Required work
Print every line of the material below exactly as it stands, but omit the pictures.
Start of Recorded information
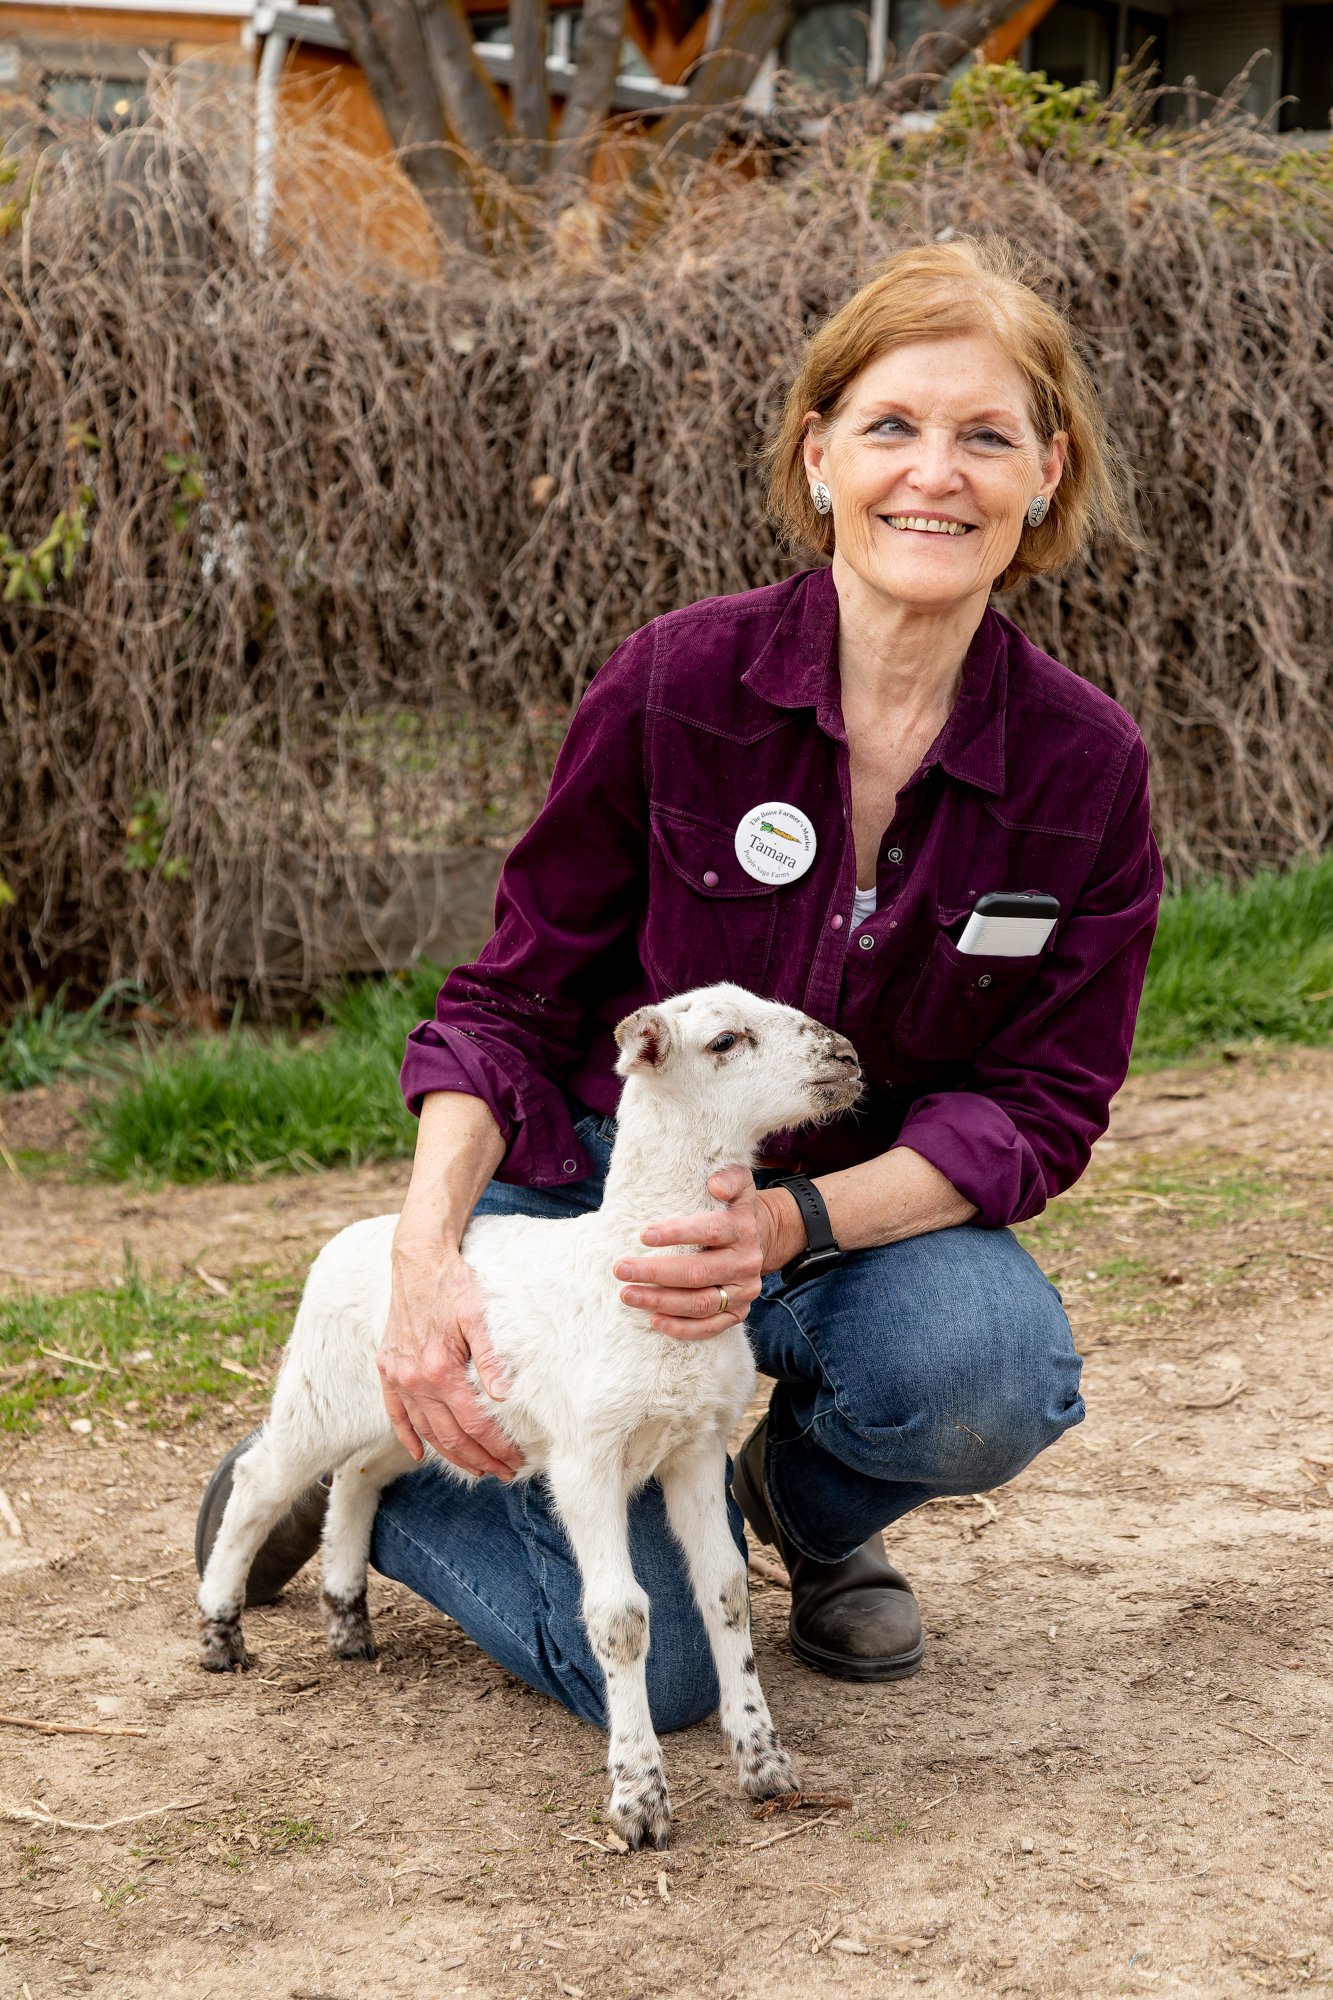 Tamara poses with the lamb, Nibbles.
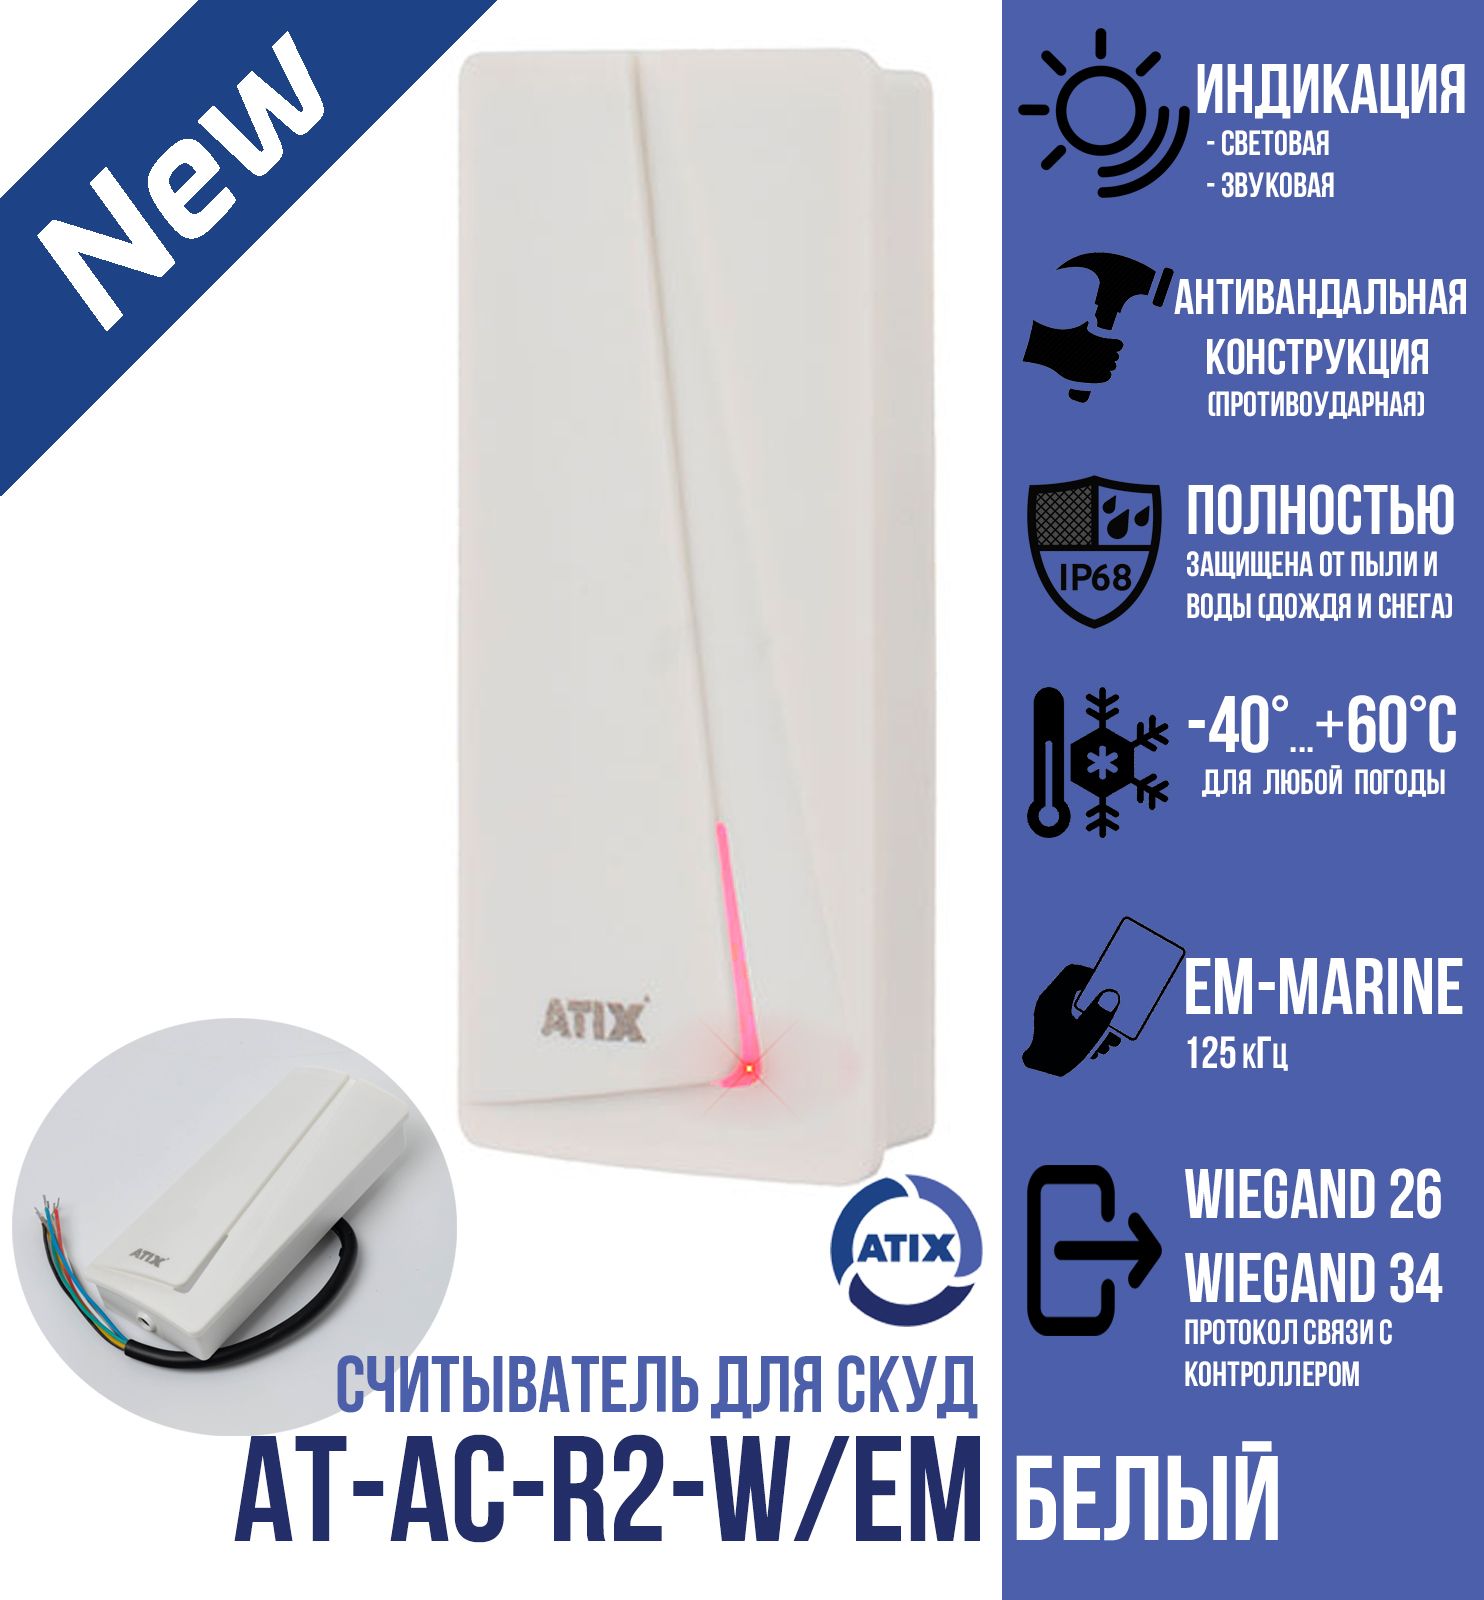 Считыватель СКУД ATIX для карт и брелоков EM-Marine, AT-AC-R2-W/EM, белый, 125кГц, IP 68 считыватель em marine карт hikvision
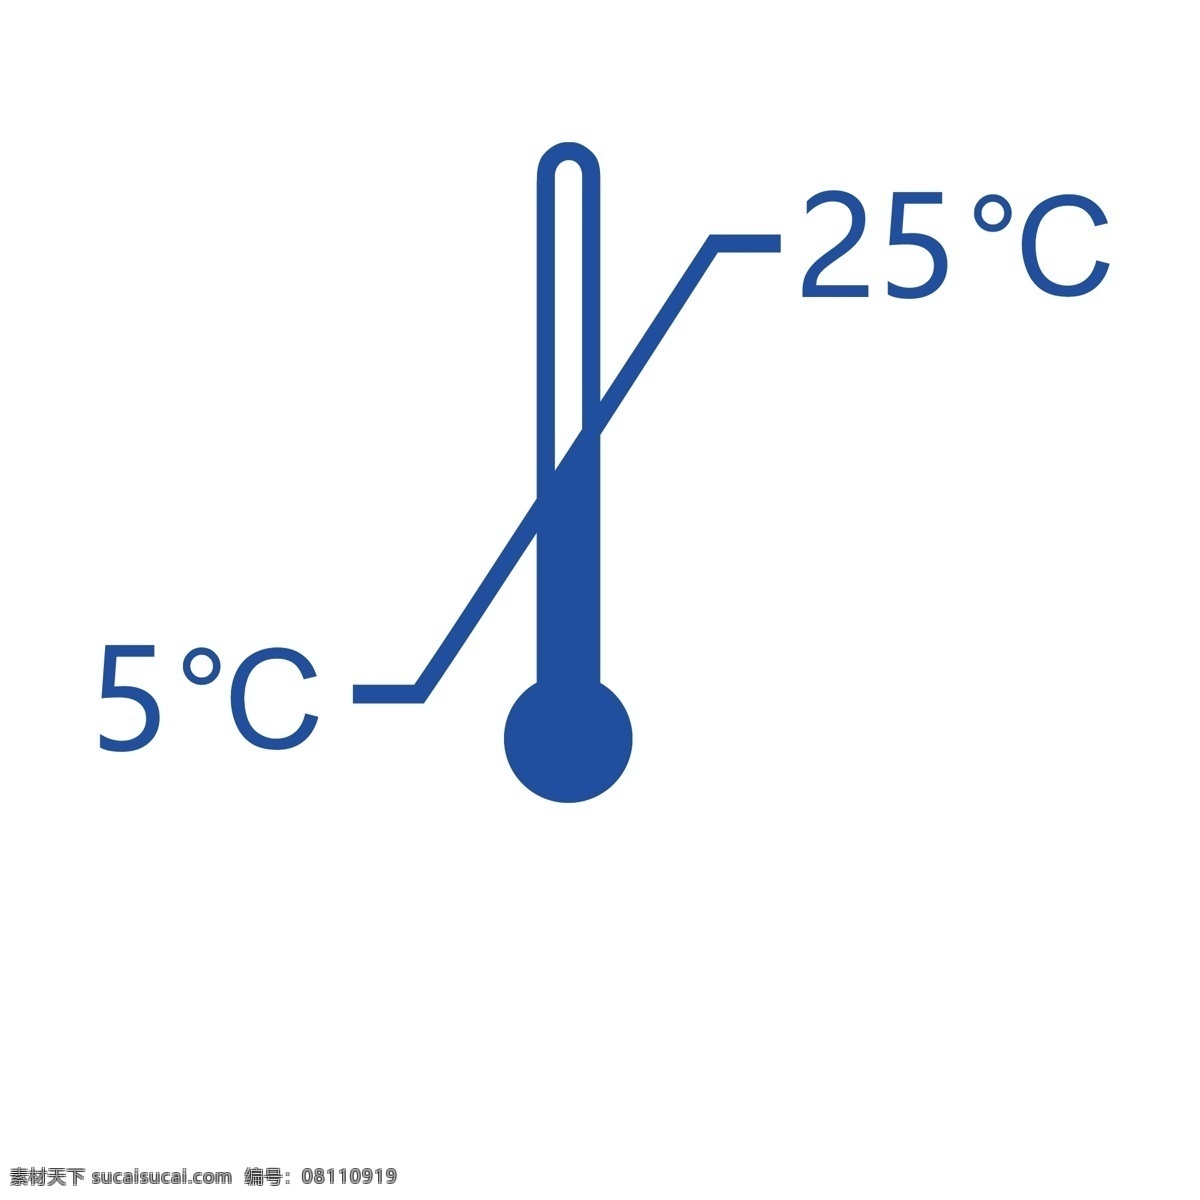 温度限制图片 温度 限制 五 二十五 摄氏度 环境设计 其他设计
End of Recorded information
Response
 Tamara poses with the lamb, Nibbles.
 Считыватель СКУД ATIX для карт и брелоков EM-Marine, AT-AC-R2-W/EM, белый, 125кГц, IP 68 считыватель em marine карт hikvision
 温度限制图片 温度 限制 五 二十五 摄氏度 环境设计 其他设计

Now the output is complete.